Welcome to WebmasterWorld Guest from 54.221.131.67

Forum Moderators: goodroi

Excluding image urls from being indexed by robots.

     
2:24 pm on Aug 26, 2017 (gmt 0)

Senior Member

WebmasterWorld Senior Member 10+ Year Member Top Contributors Of The Month

joined:Dec 19, 2004
posts:719
votes: 8


So I did a google search for my website using site:example.com and in the google search index are my thousands of image files which have their own url alias (via drupal) as an example being:

www.example.com/examplejpg

The above is the exact url being indexed by google search bot (without the period)..

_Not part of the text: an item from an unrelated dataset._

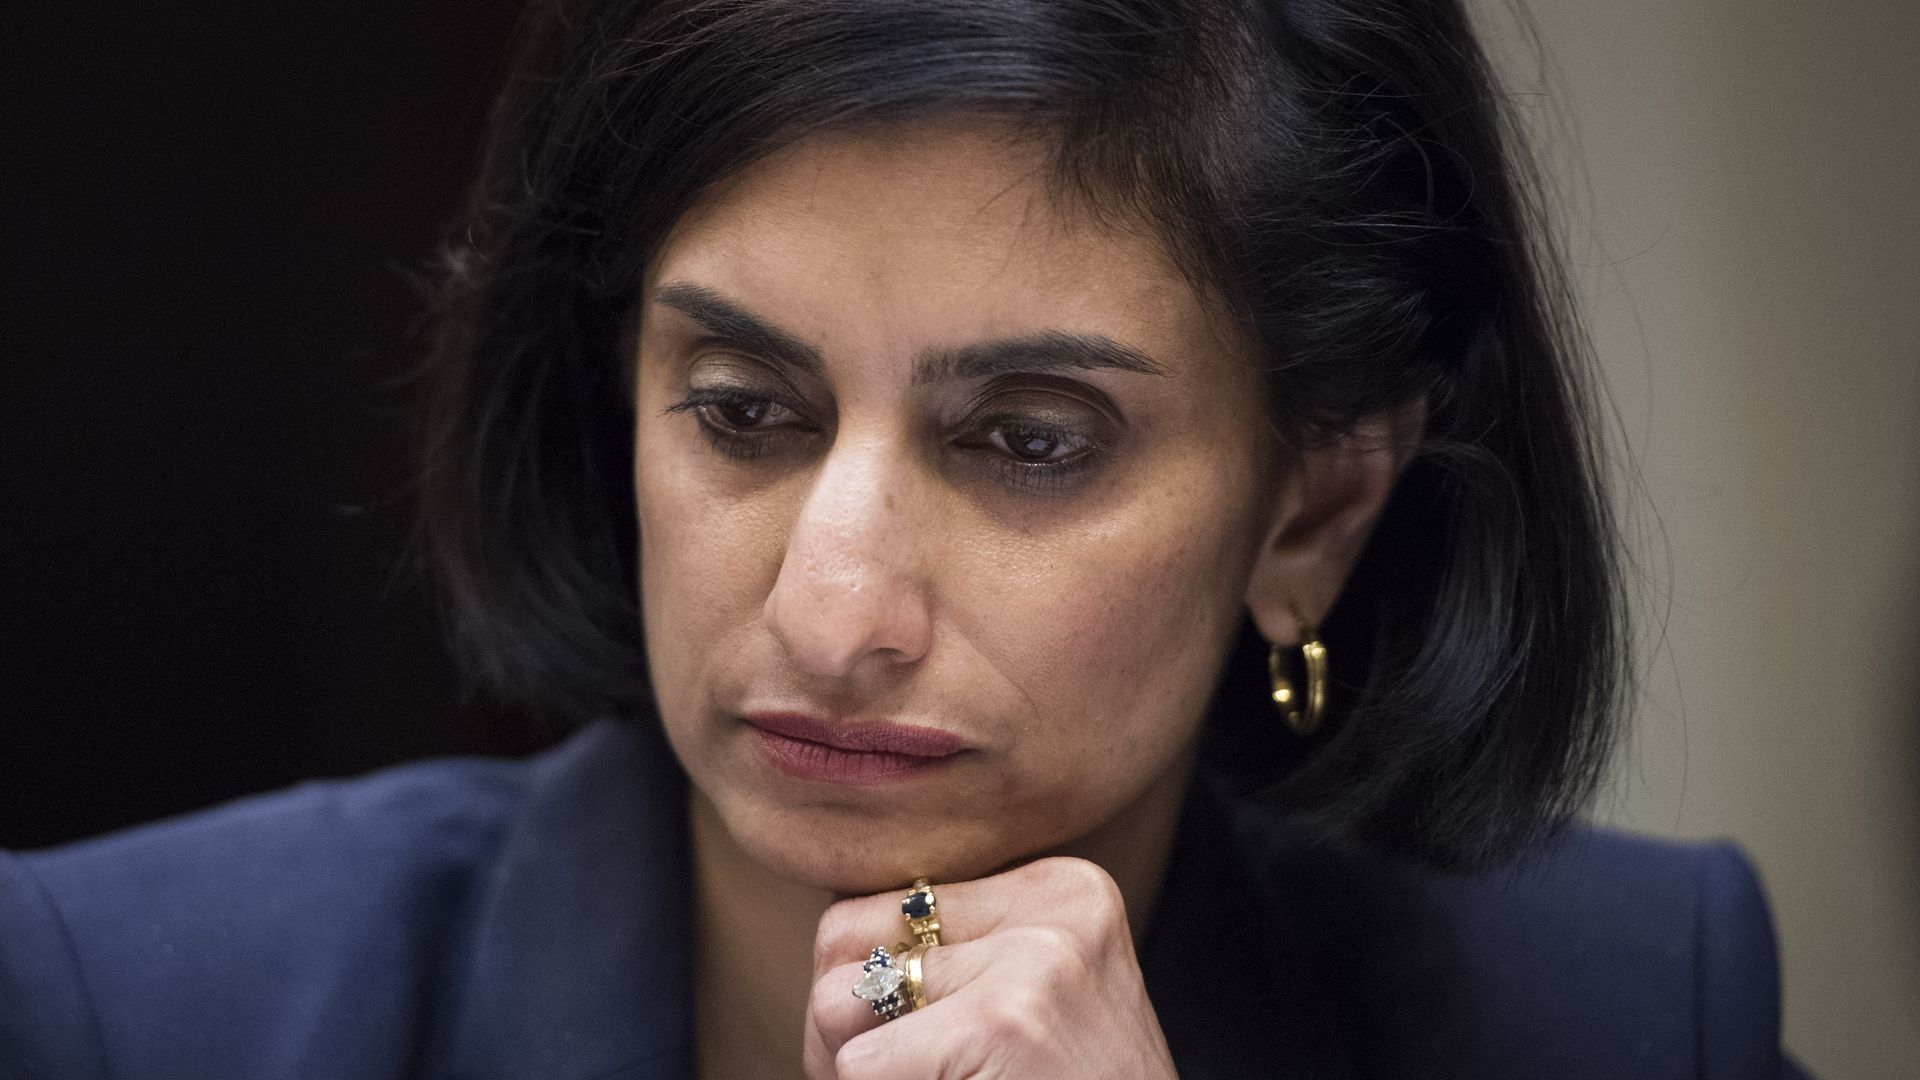 CMS Administrator Seema Verma sitting down and looking thoughtful
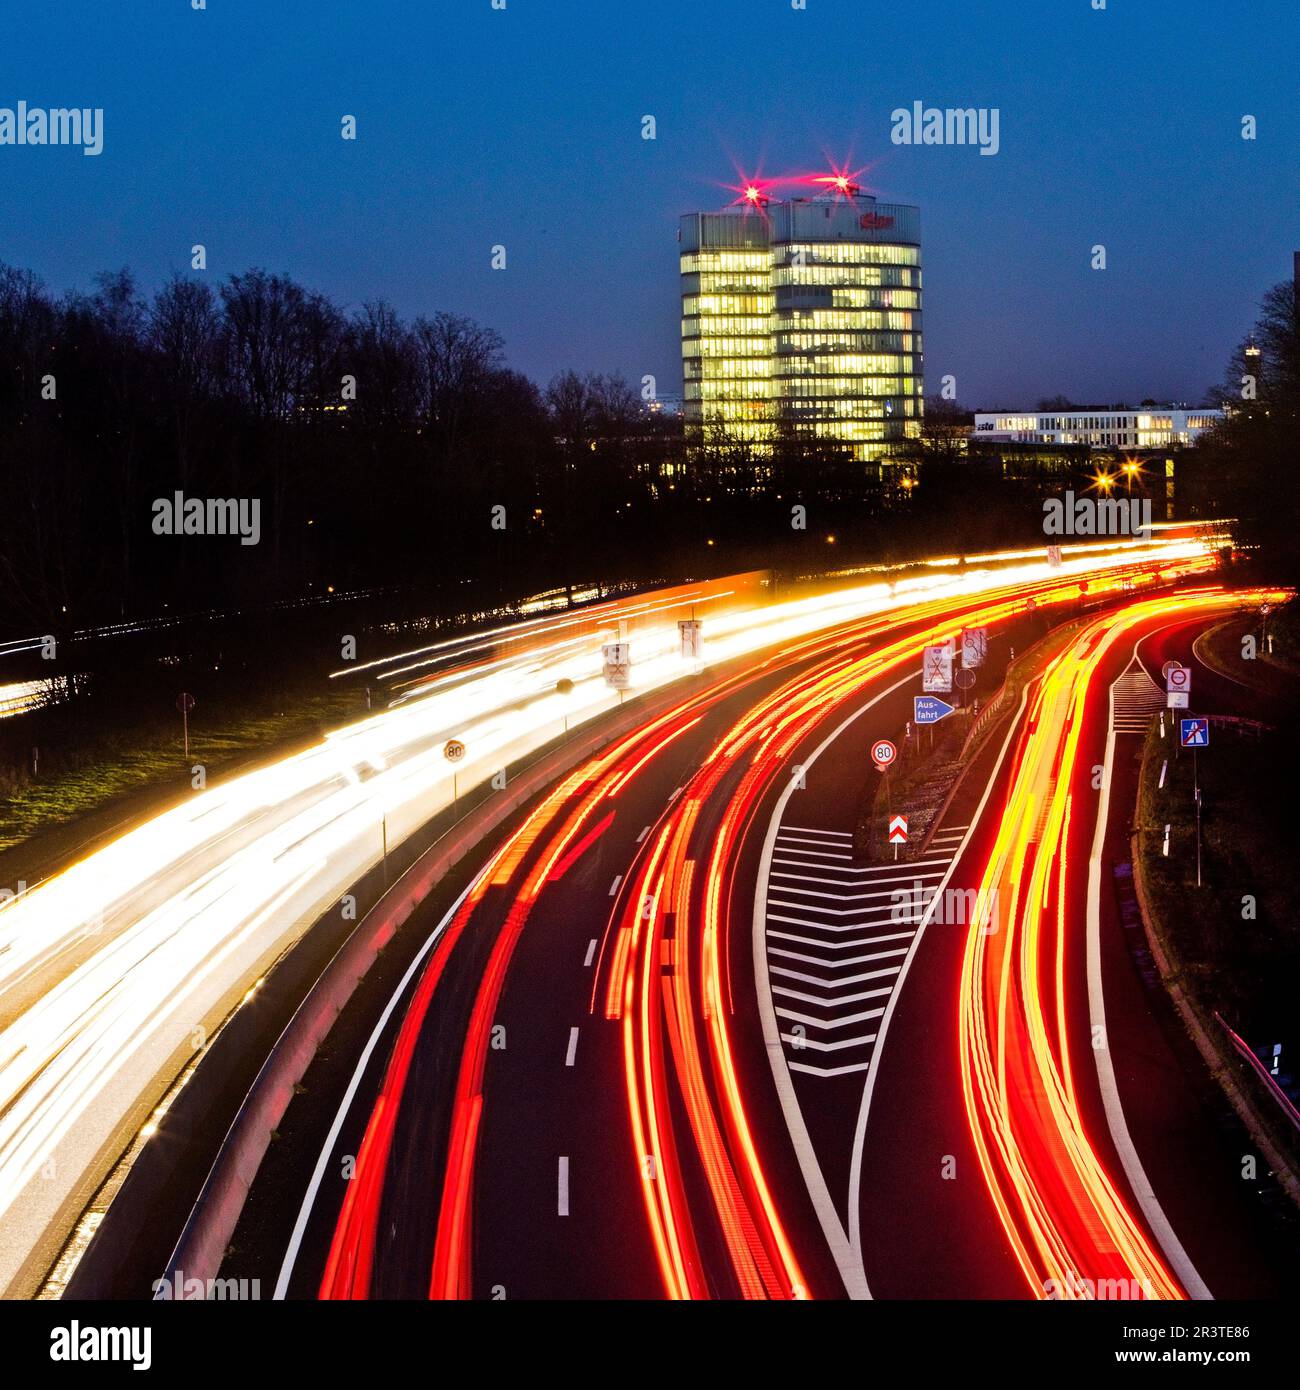 Highway A 52 and the E.ON SE corporate headquarters in the evening, Essen, Germany, Europe Stock Photo

Should I just disallow searchbots by placing the following in my robots.txt :

Disallow: /*jpg

Is this a good practice or a good implementation? Please advise Thanks!
2:33 pm on Aug 26, 2017 (gmt 0)

Senior Member

WebmasterWorld Senior Member 10+ Year Member Top Contributors Of The Month

joined:Dec 19, 2004
posts:719
votes: 8


I was thinking this robots.txt directive:

User-agent: Googlebot
Disallow: /*jpg$

Would this help or is it accurate? Thanks!
2:35 pm on Aug 26, 2017 (gmt 0)

Moderator from GB 

WebmasterWorld Administrator mack is a WebmasterWorld Top Contributor of All Time 10+ Year Member Top Contributors Of The Month

joined:June 15, 2001
posts:7719
votes: 43


I can understand why some may wish to exclude image search, but in some cases, it can lead to real traffic "View image - Visit page".

I sometimes use image search for general searches because I will click on an image that is closest to my result without having to read result snippets. This doesn't work for all searches but does very well within certain niches.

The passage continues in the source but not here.